Azure Machine Learning Studio

  • Monitor and analyze jobs in studio: You can use Azure Machine Learning studio to monitor, organize, and track your jobs for training and experimentation. Your ML job history is an important part of an explainable and repeatable ML development process. Discover more here.

  • Organize & track training jobs: You can use the jobs list view in Azure Machine Learning studio to organize and track your jobs. By selecting a job, you can view and analyze its details, such as metrics, parameters, logs, and outputs. This way, you can keep track of your ML job history and ensure a transparent and reproducible ML development process. Discover more here.

  • Visualize training results in studio: Explore your experimentation results with a dashboard view. The dashboard view contains a combination of different tiles – chart visualizations, comparison table, markdown, and more for a view that is dynamic, flexible, and customizable for you to explore your experimentation results. The dashboard can help you to save time, keep your results organized, and make informed decisions such as whether to re-train or deploy your model. Discover more here.

Key Takeaways and Actionable Strategies for AI Monitoring in Azure

It is important to monitor AI solutions to ensure their availability, performance, and operation. Monitoring can help detect and resolve issues quickly, and ensure that the AI solution is performing optimally.

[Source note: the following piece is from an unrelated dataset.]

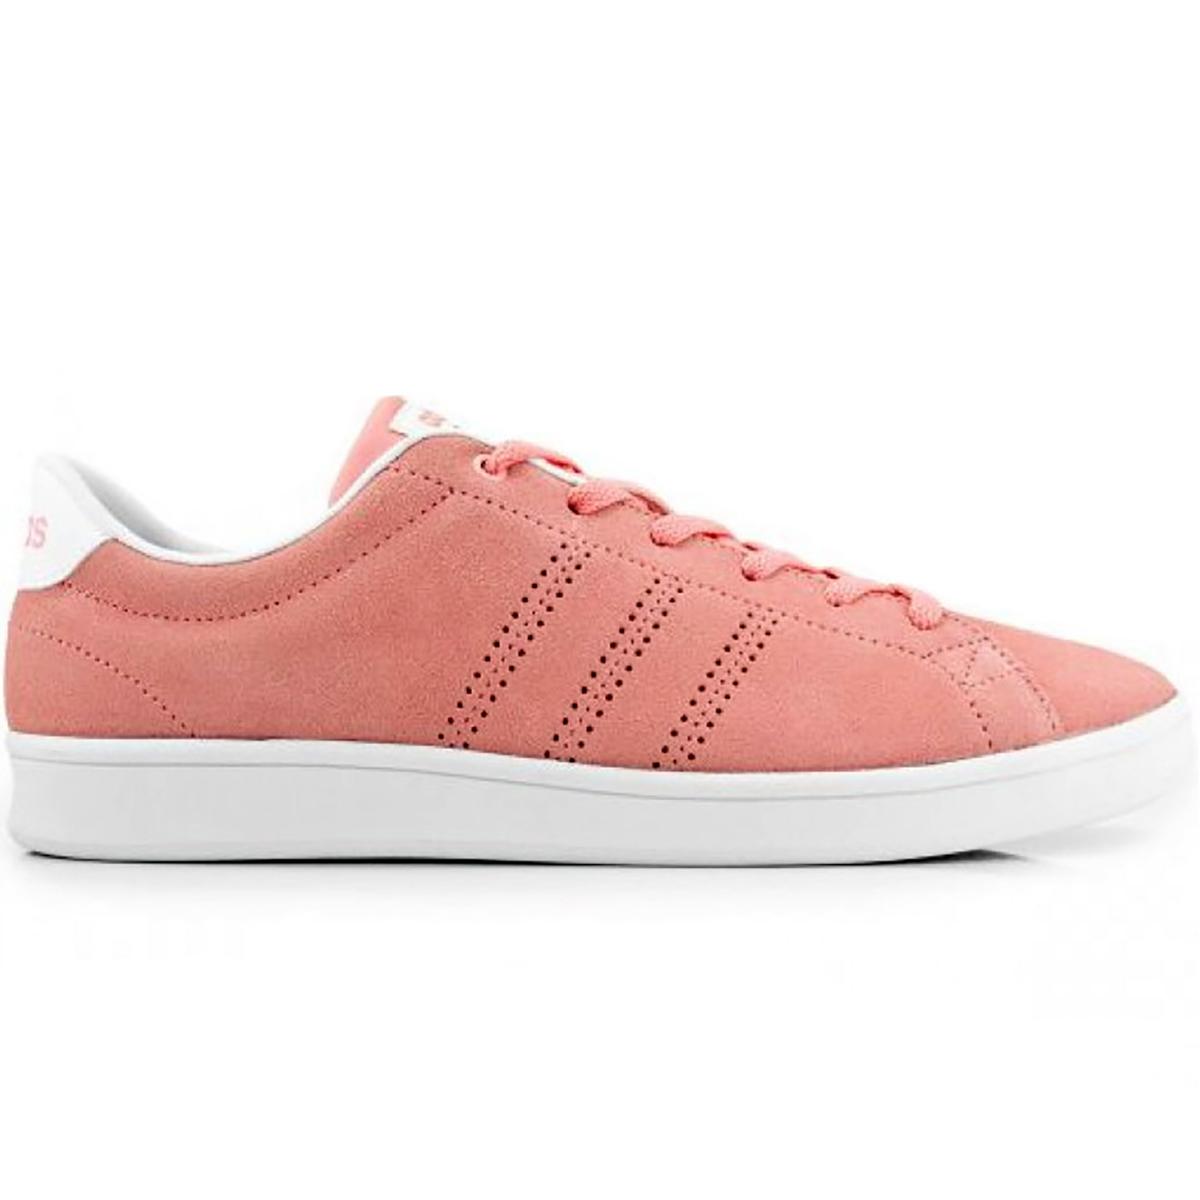 460e9fa2bc Tênis Adidas Advantage Clean QT Rosa Feminino - Compre Agora  Cabana ...

Here are some recommendations when building AI solutions on Azure to act on:

  • Set up monitoring dashboards: Azure provides out-of-box dashboards for each of your Azure resources. To access the monitoring dashboards, sign in to the Azure portal and select the overview pane for one of your Azure resources.

  • Configure diagnostic settings: You can configure Azure Monitor to generate data in activity logs, resource logs, virtual machine logs, and platform metrics. Platform metrics and the Azure Monitor activity log are collected and stored automatically. This data can be routed to other locations by using a diagnostic setting. Azure Monitor resource logs aren’t collected and stored until you create a diagnostic setting and then route the logs to one or more locations. When you create a diagnostic setting, you specify which categories of logs to collect.

  • Analyze metrics: You can analyze metrics for your Azure resources with Azure Monitor tools in the Azure portal. From the Overview page for your Azure resource, select Metrics under Monitoring in the left pane.

By following these recommendations, teams can ensure that their AI solutions are performing optimally and that any issues are detected and resolved quickly.